- Activity -
If an entry holds a picture, leave that picture out. Give everything else again exactly.

- Working data -

_ _ _ _ _ _ _

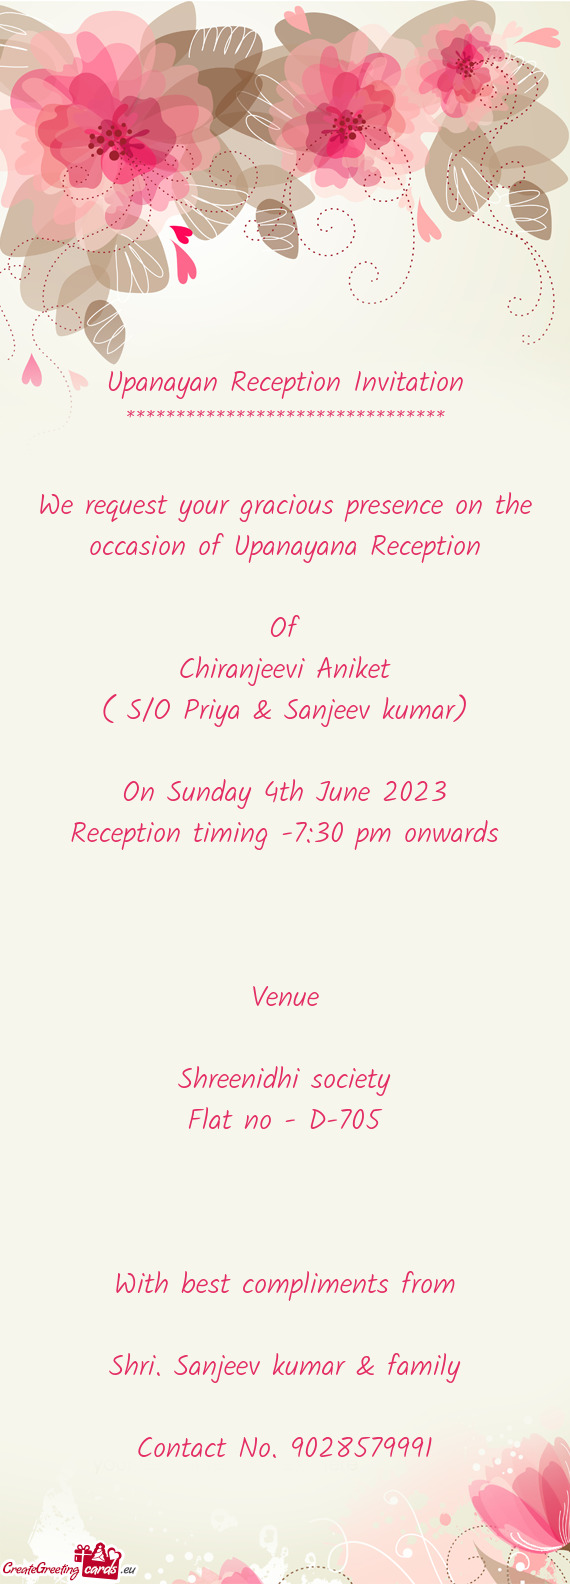 Upanayan Reception Invitation
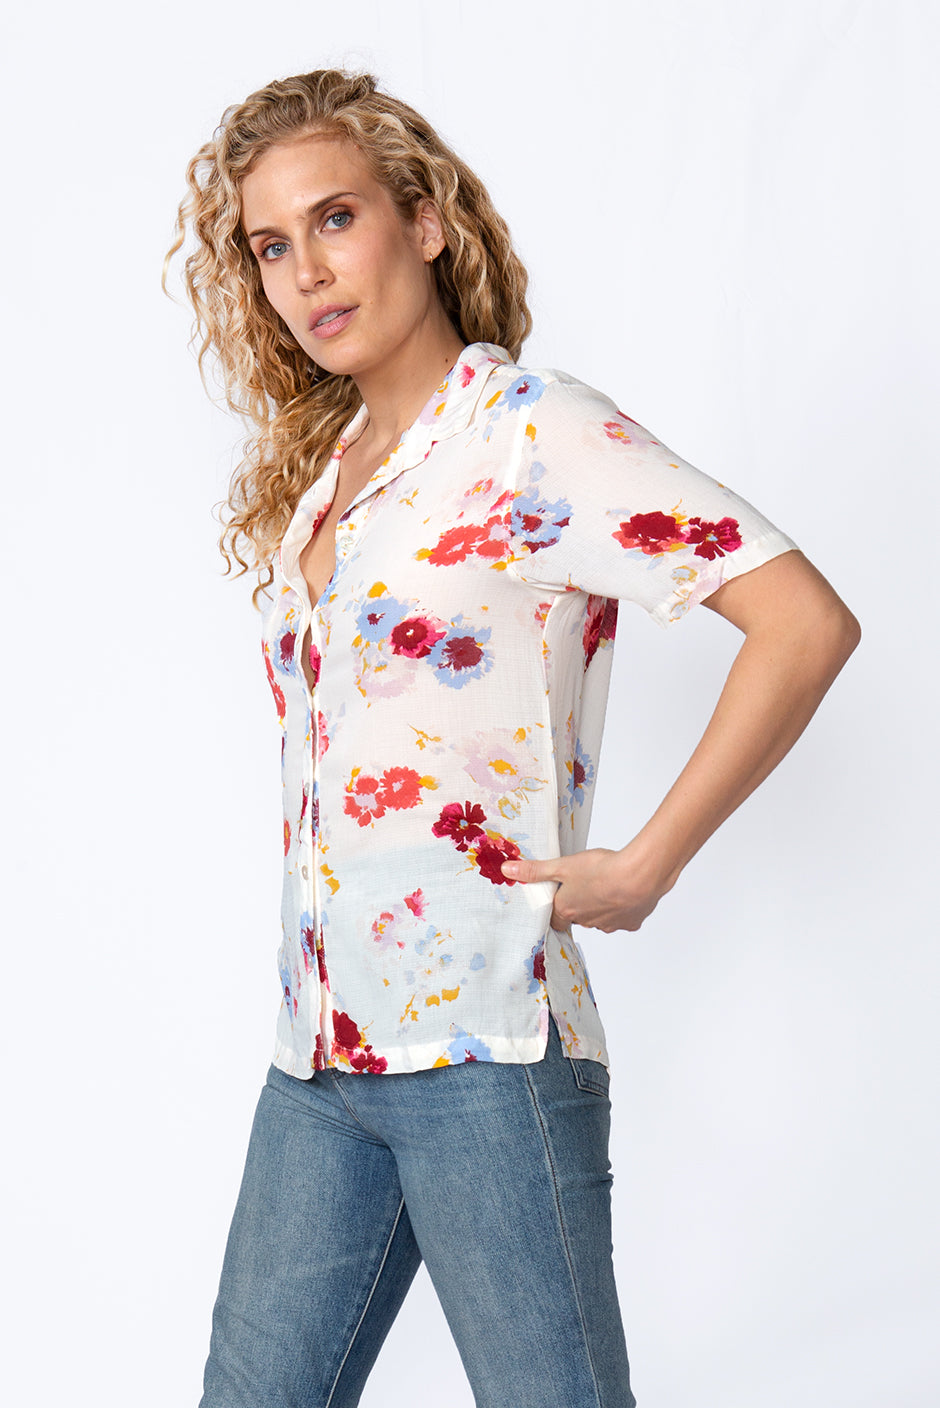 Shop the Kaia Shirt: Ethical Floral Print Women's Button-up Top ...
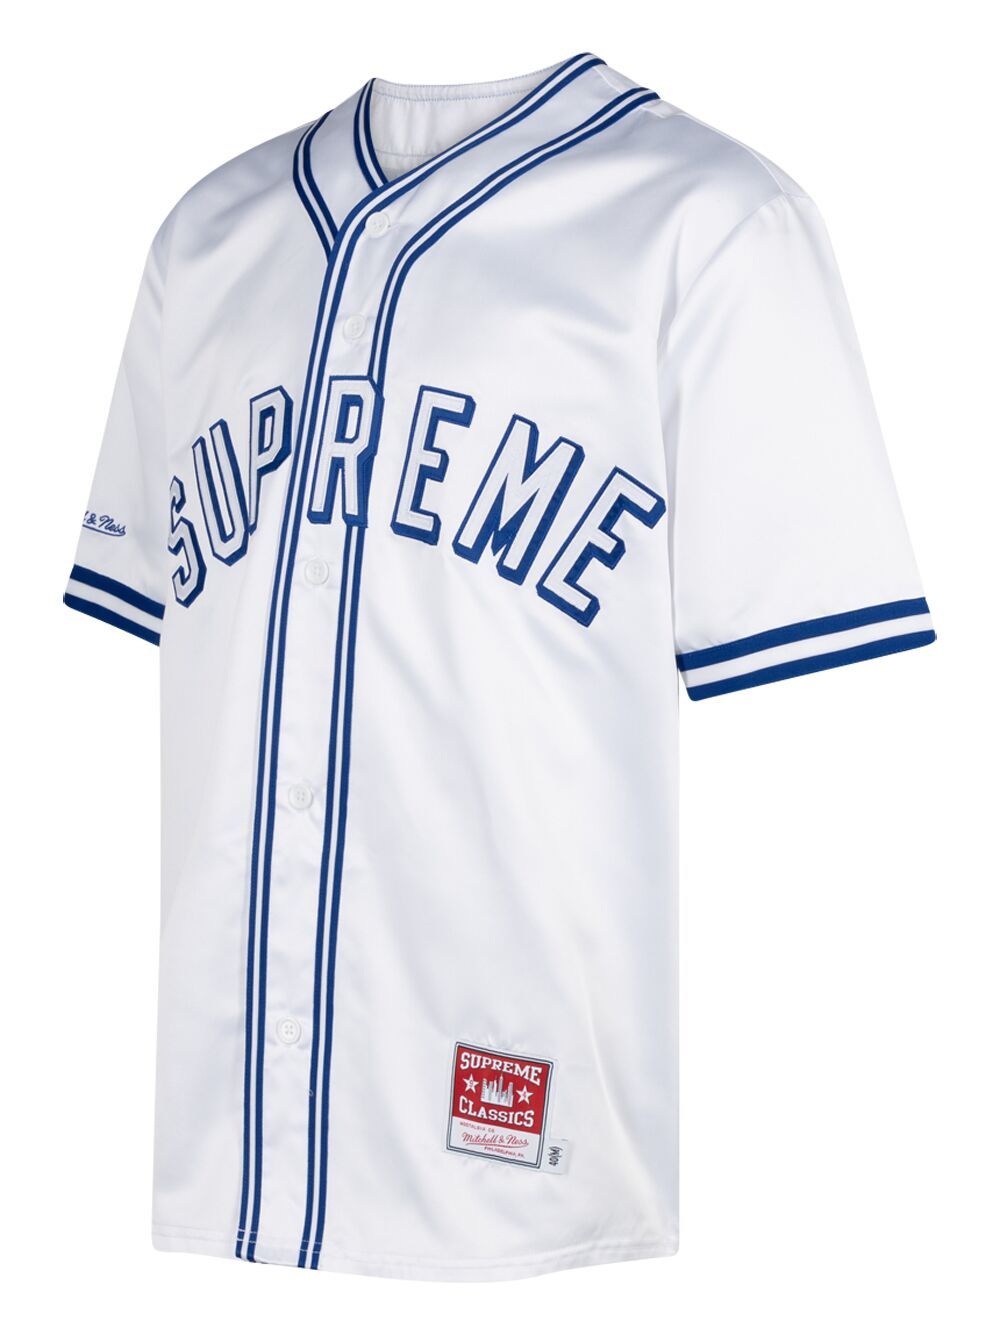 Supreme Men's Patches Denim Baseball Jersey
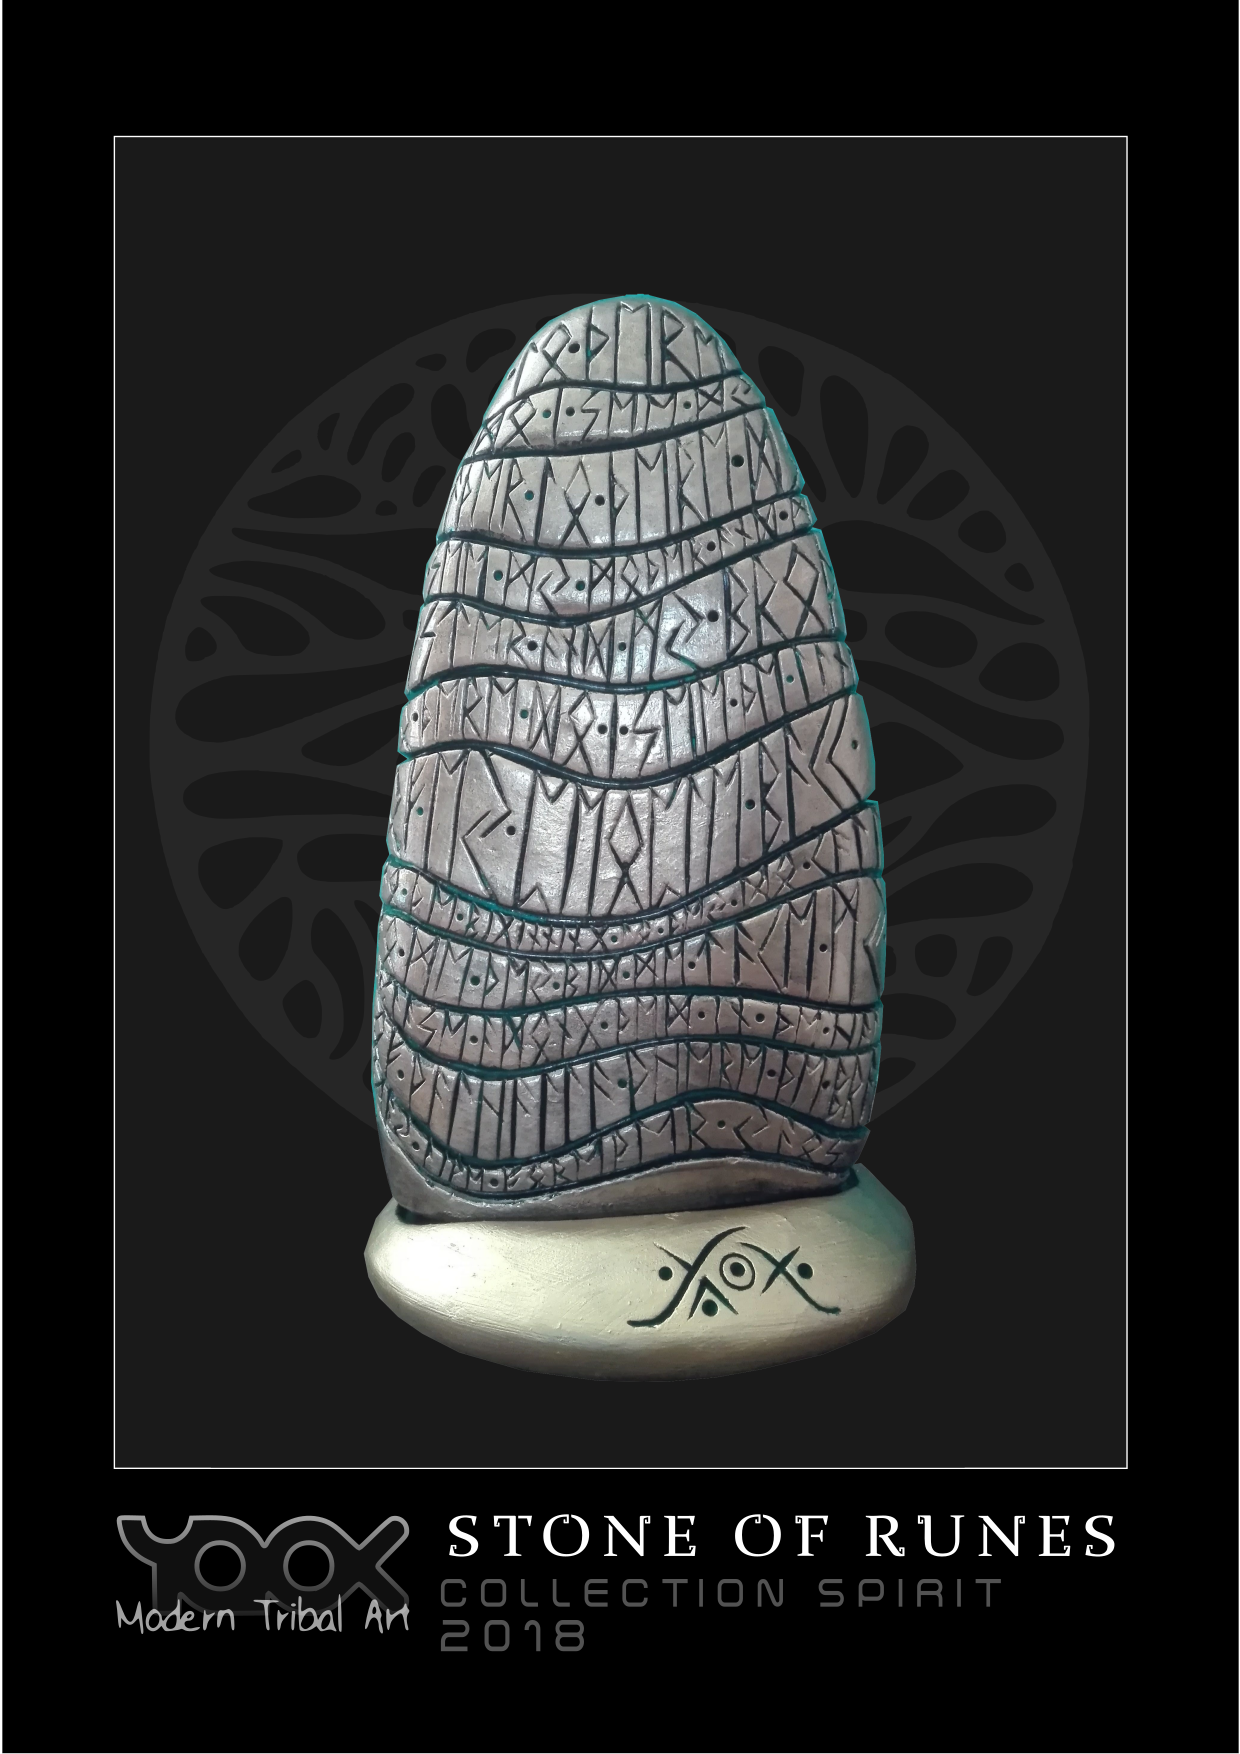 Stone of runes
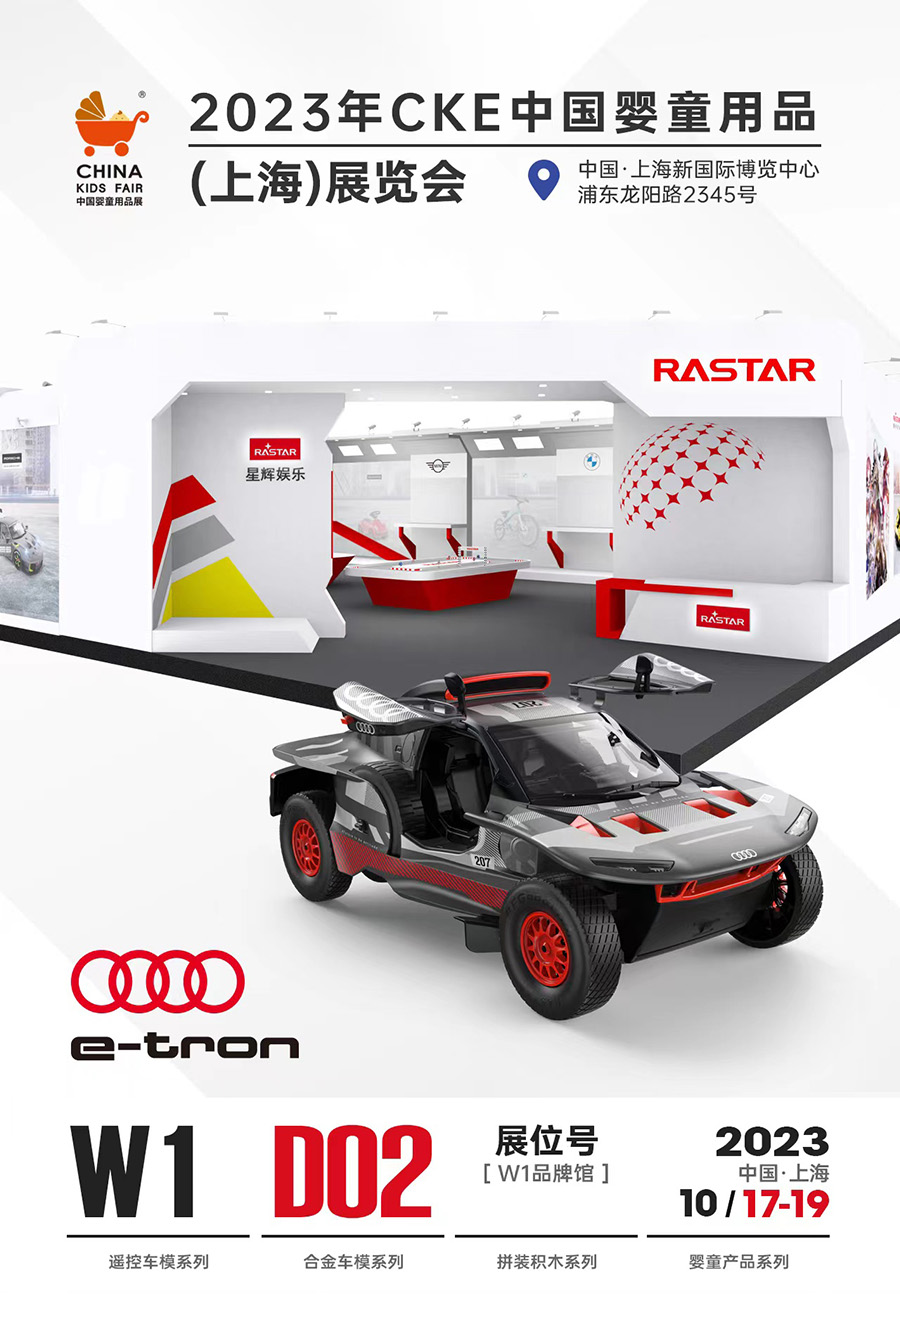 <b>Rastar Toys showed up at CKE China Kids Expo to expand the influence of “RASTAR” brand</b>
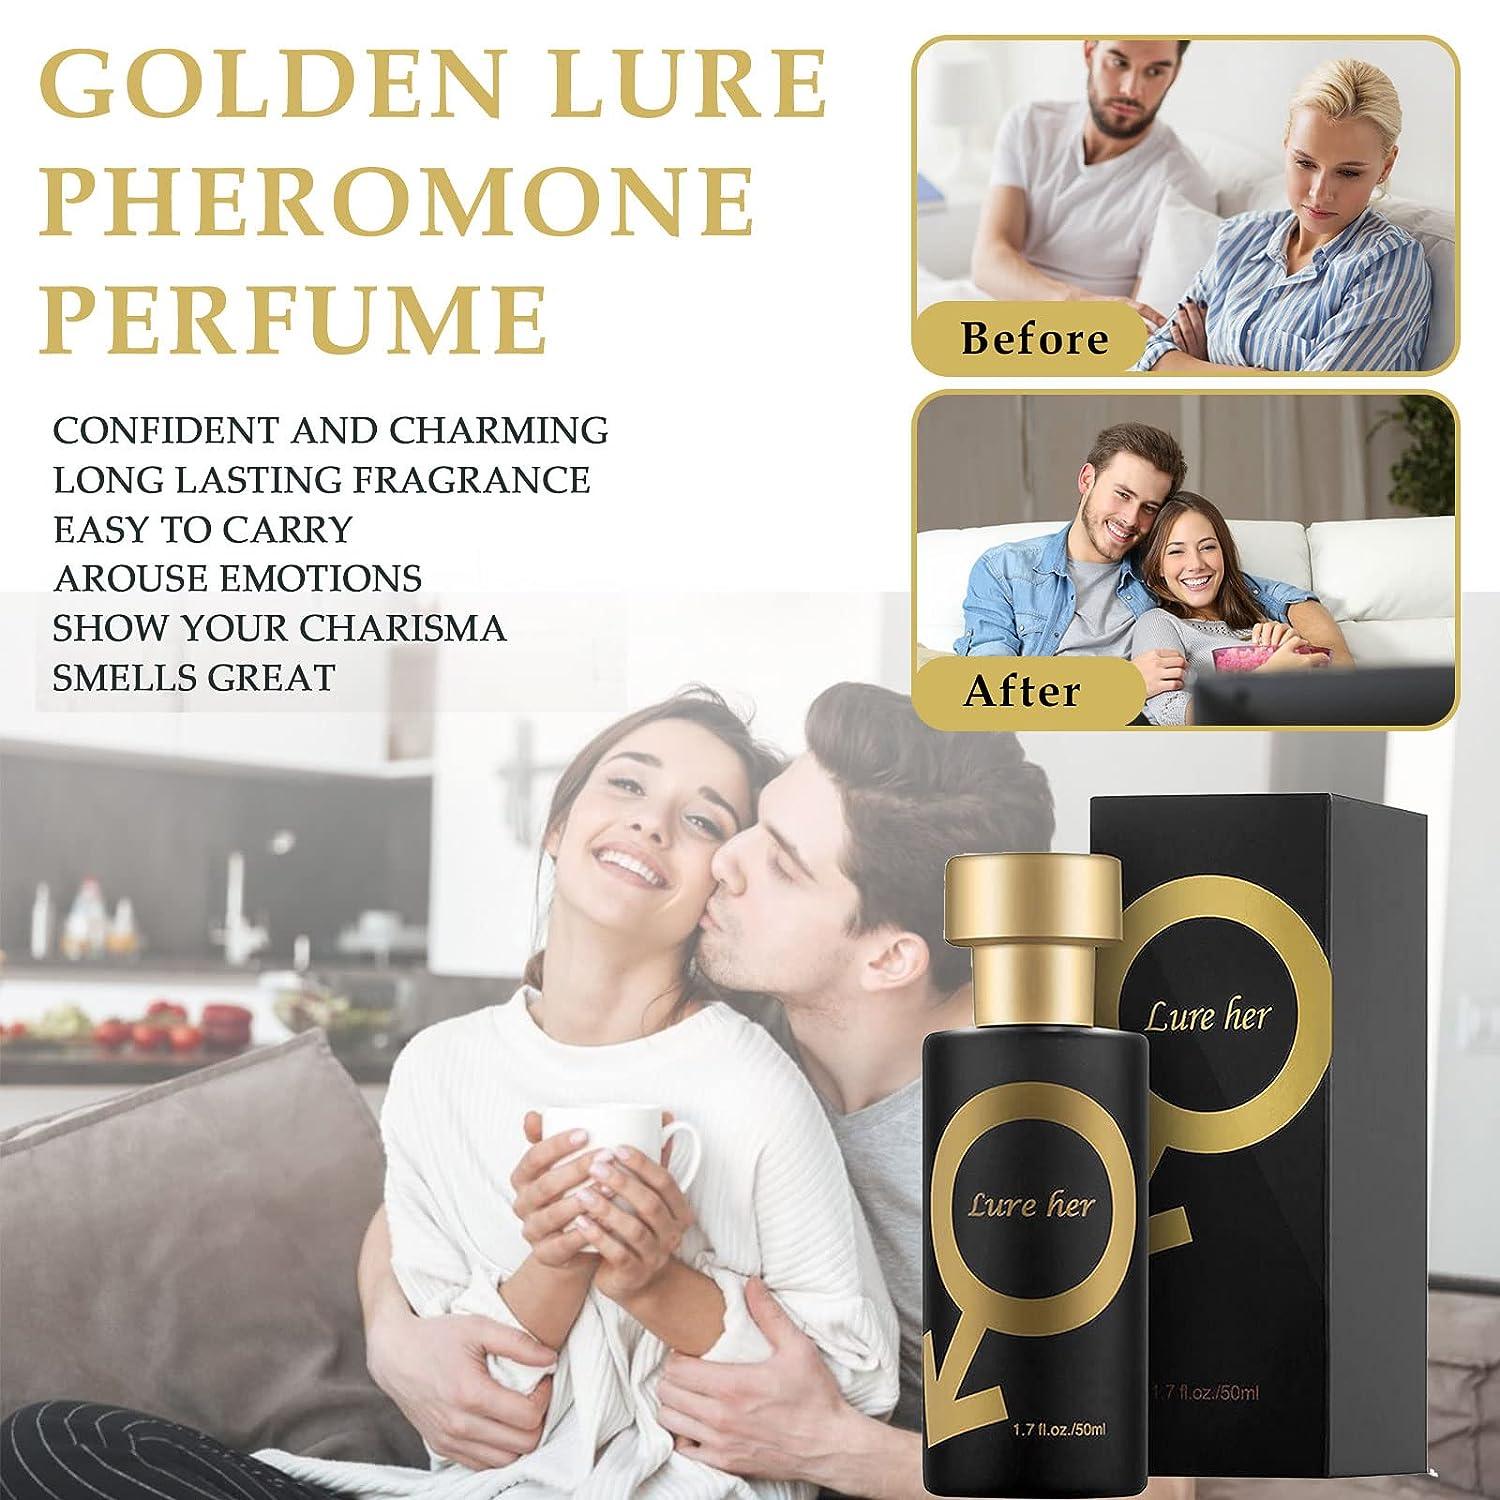 Hcomine Lure Her Perfume para hombres, Colonia de feromonas

_ _ _ _ _ _ _

- Response below -
 Upanayan Reception Invitation
 Shop the Kaia Shirt: Ethical Floral Print Women's Button-up Top ...
 Supreme Men's Patches Denim Baseball Jersey
 Stone of runes
 <b>Rastar Toys showed up at CKE China Kids Expo to expand the influence of “RASTAR” brand</b>
 Hcomine Lure Her Perfume para hombres, Colonia de feromonas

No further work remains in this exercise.